What you could do, I think, would be to create your own
RandomAccessInputStream, map it using
Location.mapFile("myRAIS", myRAIS) with some string constant, then call
setId("myRAIS") and then call
myRAIS.getFilePointer() to see what the offset is. And I think it is likely to be (but not necessarily) the offset after the header.
Why do you need this information? What are you trying to achieve?
Hi @ctrueden, thanks for taking the time.
The goal is to find out, without loading a giant file, the offset to the first byte of the first image. Yes, I understand that some image formats can have both and offset and a separator (hence ImageJ’s “Raw” command asks for both), and even a trailer with more metadata at the end. What I’m interested in is an efficient way to map each 2D plane to a
short array, that I can wrap with an
ArrayImg from ImgLib2, without a lot of overheads of parsing the full header and trailer and more. When accessing millions of files, an overhead of 100 ms per file adds up fast. Given that all files are the same format, I’d parse that from a single file, and then apply the offset and image dimensions and type to all others. A bit like what’s shown here in my Fiji python tutorial, except that the approximate way of computing the header size in bytes (file size minus size of images) works only when there isn’t a trailer, which TIFF files can have.
The one detail I am not getting is the
setId: on which object? Neither
Location have it. And the
ChannelSeparator would do it on its own? And the
RandomAccessInputStream was created with the filepath already?
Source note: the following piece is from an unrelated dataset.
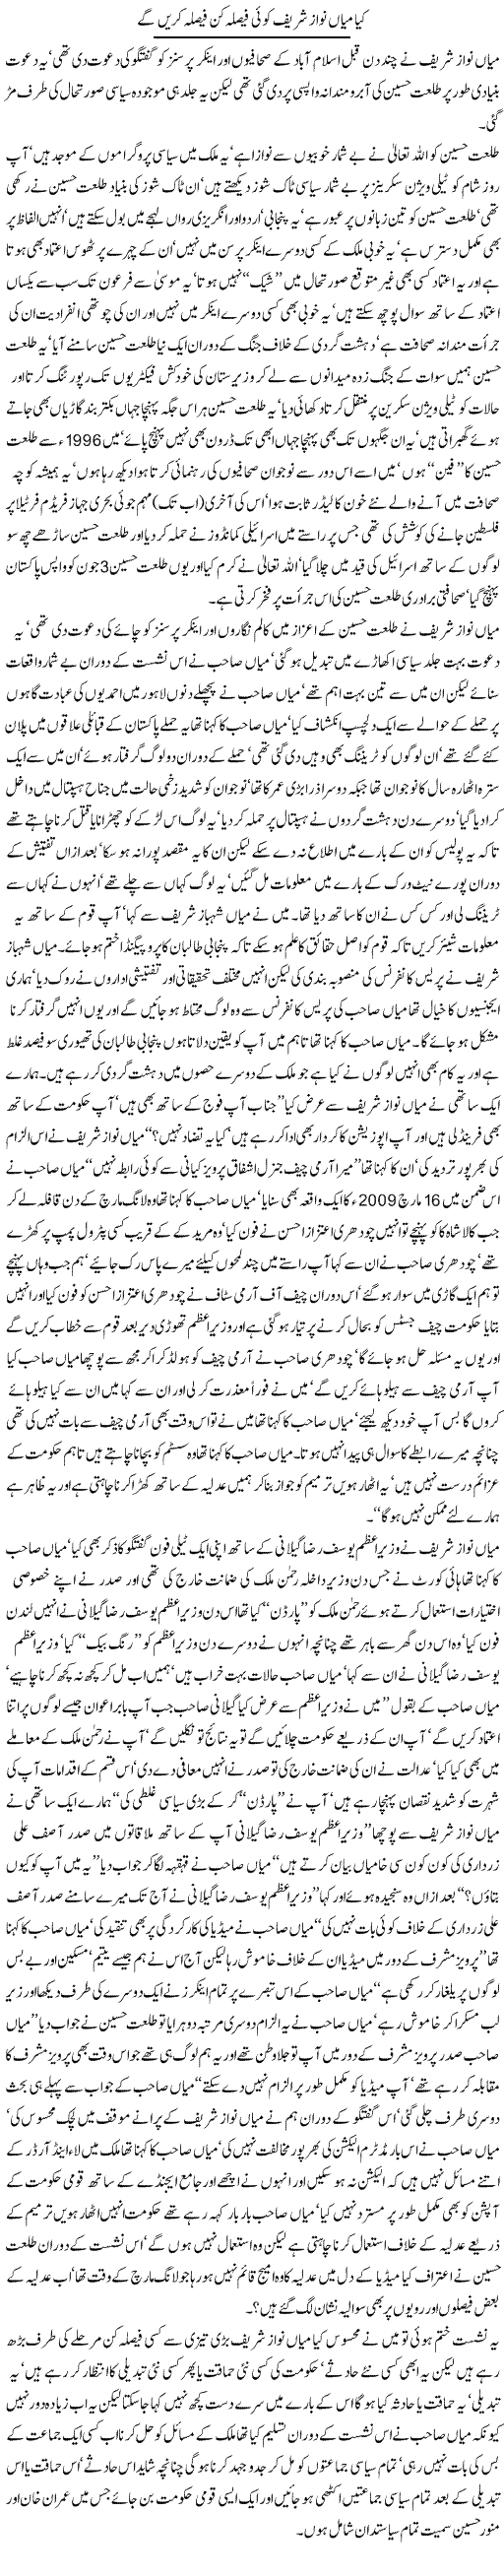 Mian Nawaz ka fasla Express Column Javed Chaudhry 13 June 2010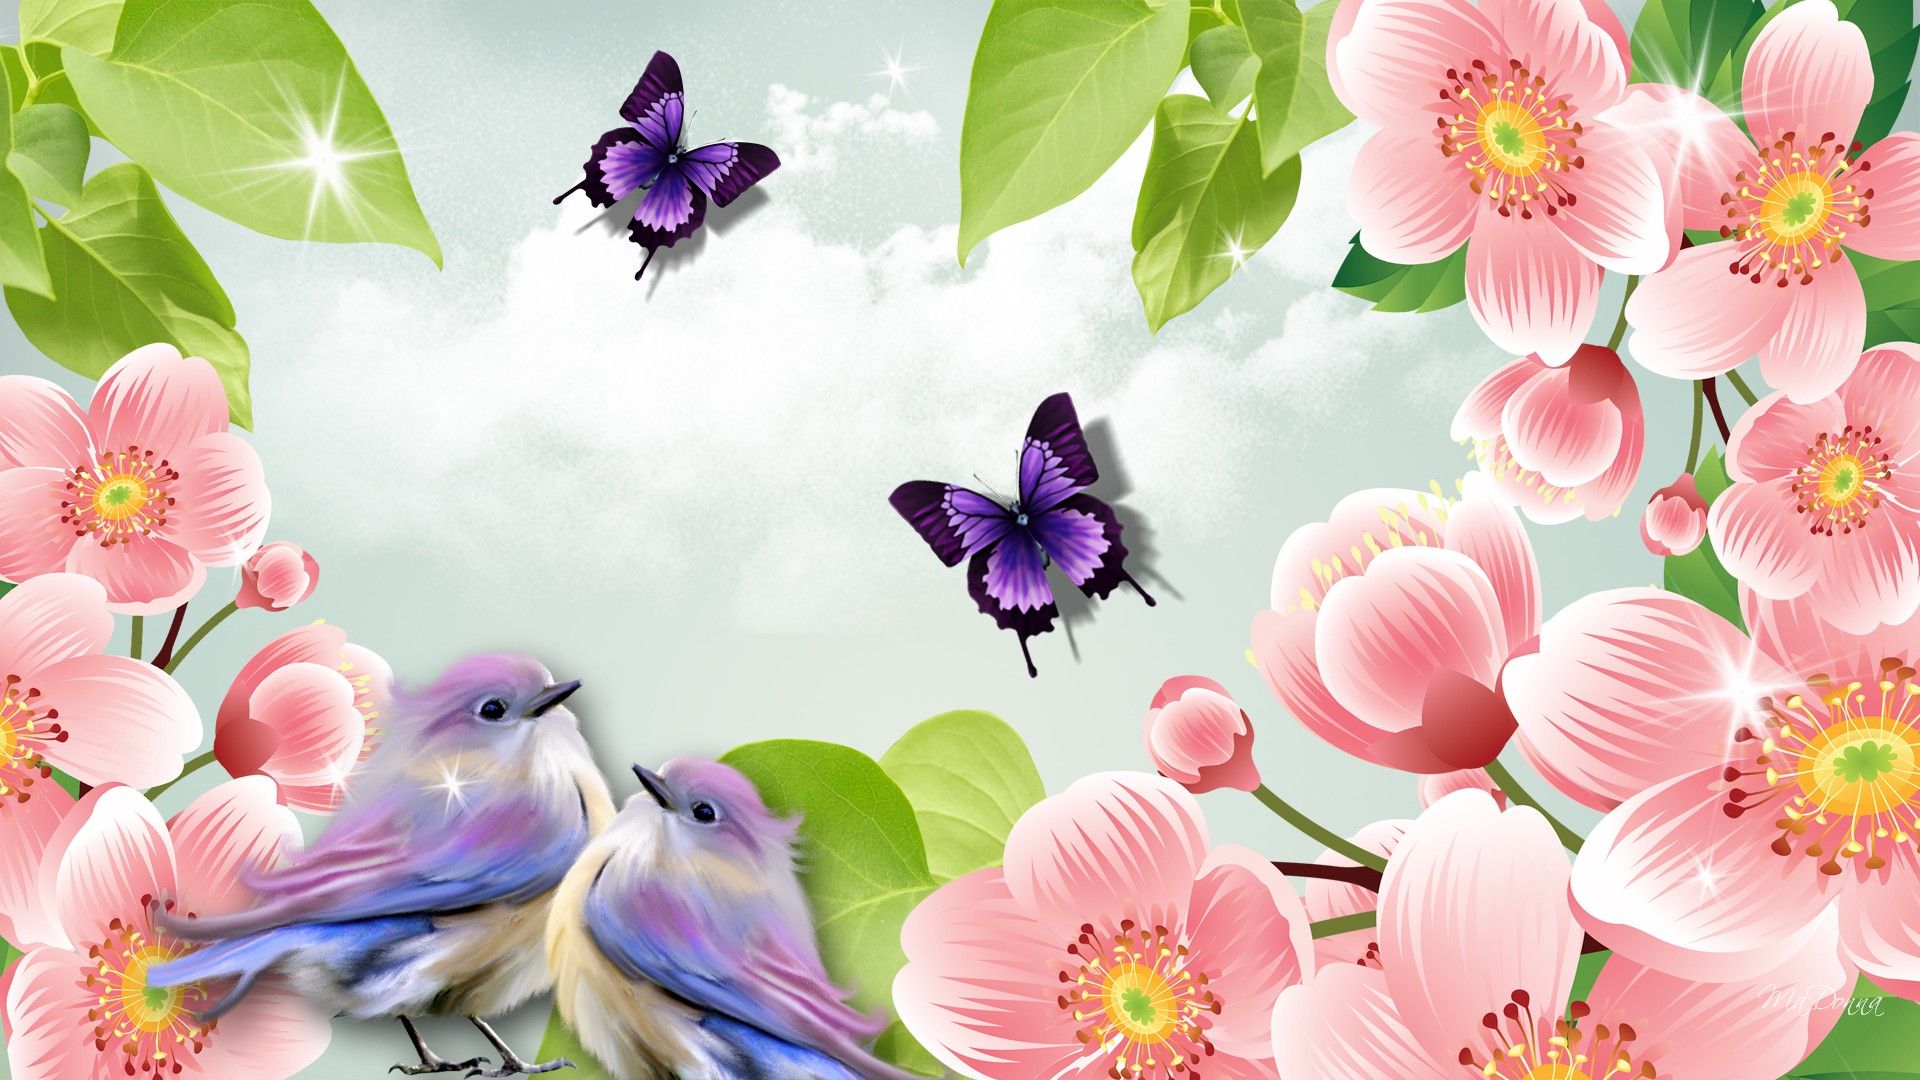 Images For Cute Spring Desktop Wallpaper The Background

The setID would be on the ChannelSeparator using the input stream (see https://docs.openmicroscopy.org/bio-formats/5.9.0/developers/in-memory.html)
Though as suggested I would certainly not guarantee that the setID will leave the stream at the end of the header and the behaviour here will differ for each format. Which format is it specifically you are using? I can take a look and confirm if it will work for that particular format or not. I would also suggest that even if the files are all very similar that it does not necessarily mean that the offsets will be the same for each.
Hi @dgault, thanks, but the
ChannelSeparator cannot be given as argument to the
I am looking for a generic solution. If one doesn’t exist, so be it–I was hoping bio-formats could have one, as it abstracts away the image file format.
Im afraid at the moment its not something which Bio-Formats can provide a generic solution for.